— А она… ядовита?
— Других не держим. Страшнее Черной Мамбы, валит наповал. В западных странах используется как сторож, охраняет ювелирные магазины. Обратите внимание на характерный цвет спинки — он означает, что запас яда не израсходован. Вам хорошо видна расцветка?
Васька протянул змею через стол, мохнатые бровки врача встали вертикально. Большим усилием воли доктор все же сумел сохранить спокойствие и церемонно откланялся. Когда врач ушел, я набросился на Ваську и высказал все, что о нем думаю. Досталось Рыжему изрядно, но Васька принадлежал к породе непробиваемых, увещевания на него не действовали. Тряхнув буйным чубом, Васька широко улыбнулся:
— Ну чего ты на меня взъелся? Что я такого особенного натворил? Просветил человека, пробудил у него интерес к живой природе, расширил его кругозор. За это меня благодарить нужно, а не ругать…
— А ты не находишь, что твои шуточки порой граничат с самым настоящим хулиганством?
— Хулиганством?! Ничего подобного! Обыкновенная психотерапия. Очень результативное средство!
Васька был неисправим, но сердиться на него невозможно…

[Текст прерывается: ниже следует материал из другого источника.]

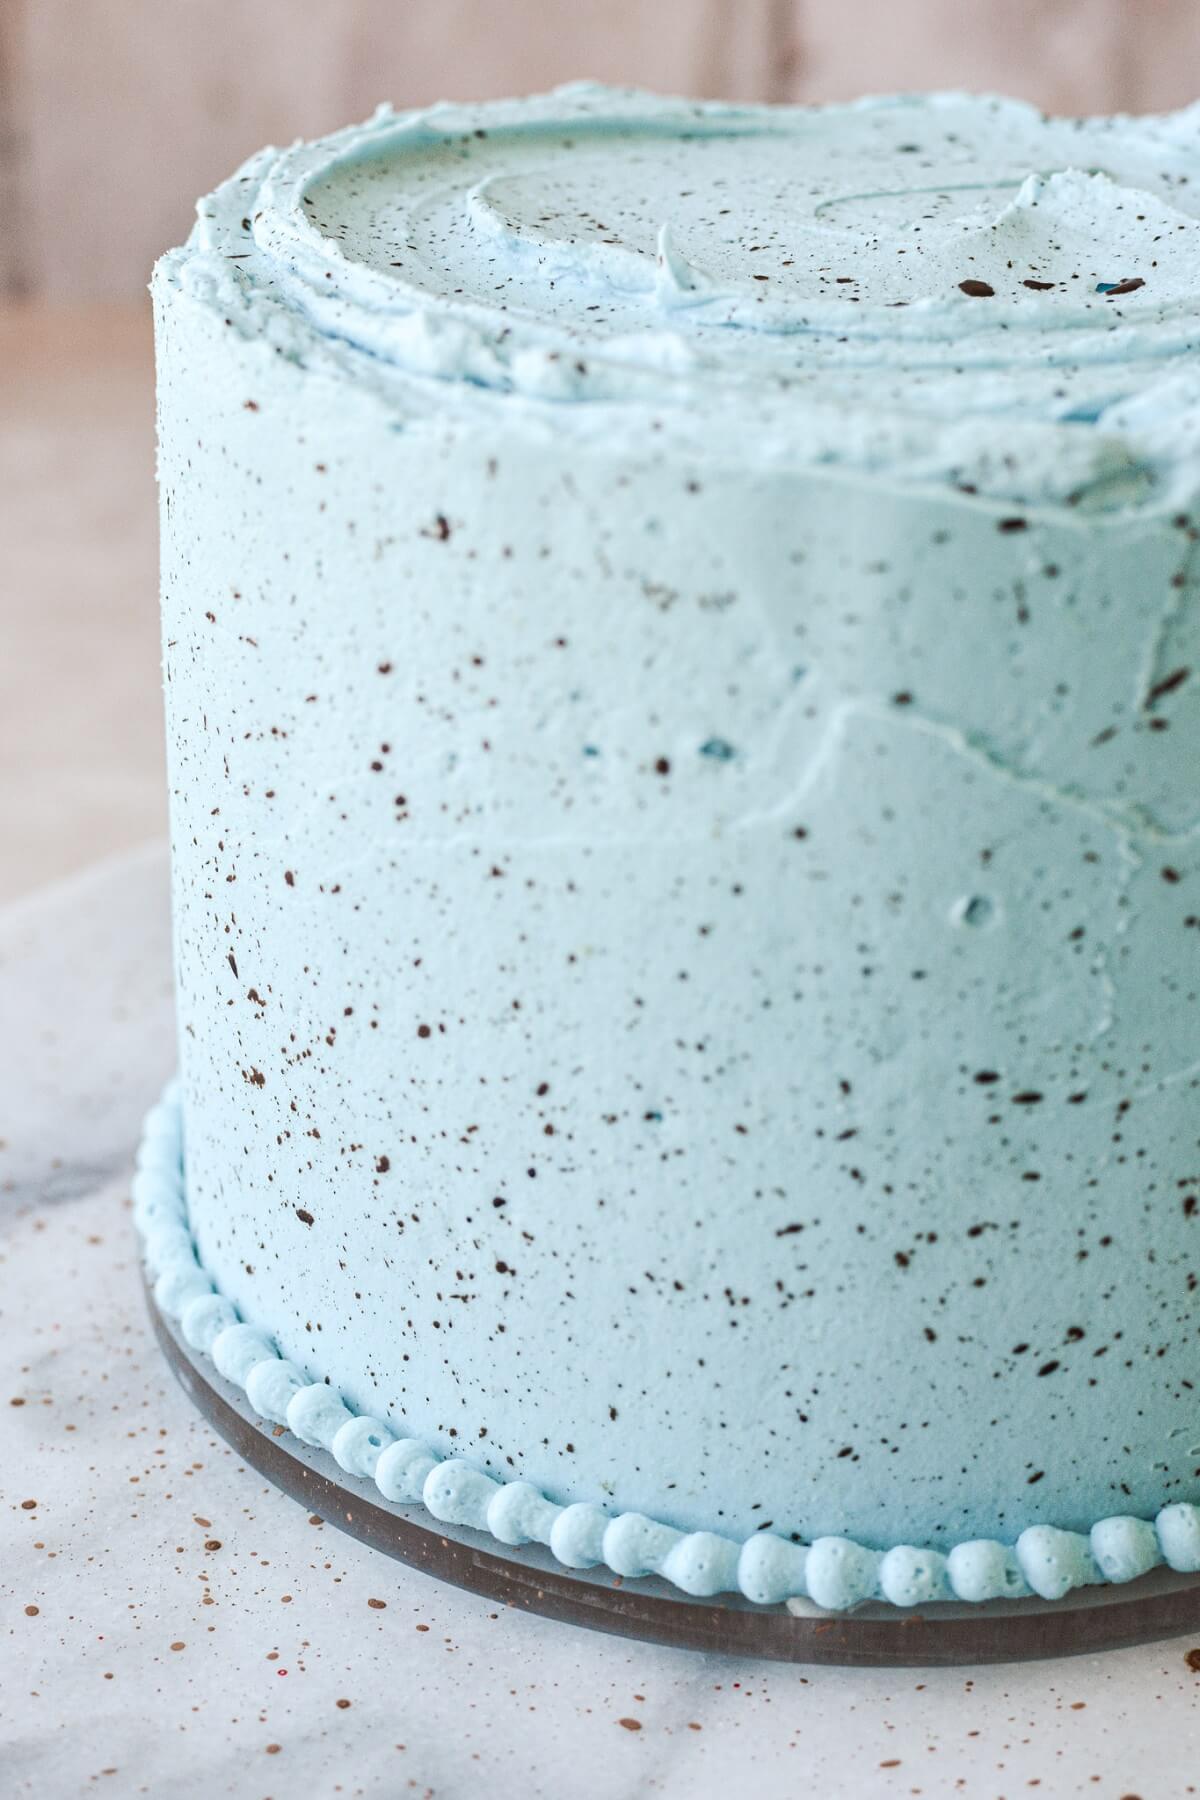 Blue frosted cake spattered with brown specks to look like an eggshell.

Длительное общение с такими малосимпатичными существами, как пресмыкающиеся, постоянно сопровождалось разными смешными и не очень смешными историями, в которых так или иначе, прямо или косвенно были замешаны как мои товарищи, так и я сам. Но однажды змеи сыграли свою роль самостоятельно, хоть и произошло это не без помощи людей.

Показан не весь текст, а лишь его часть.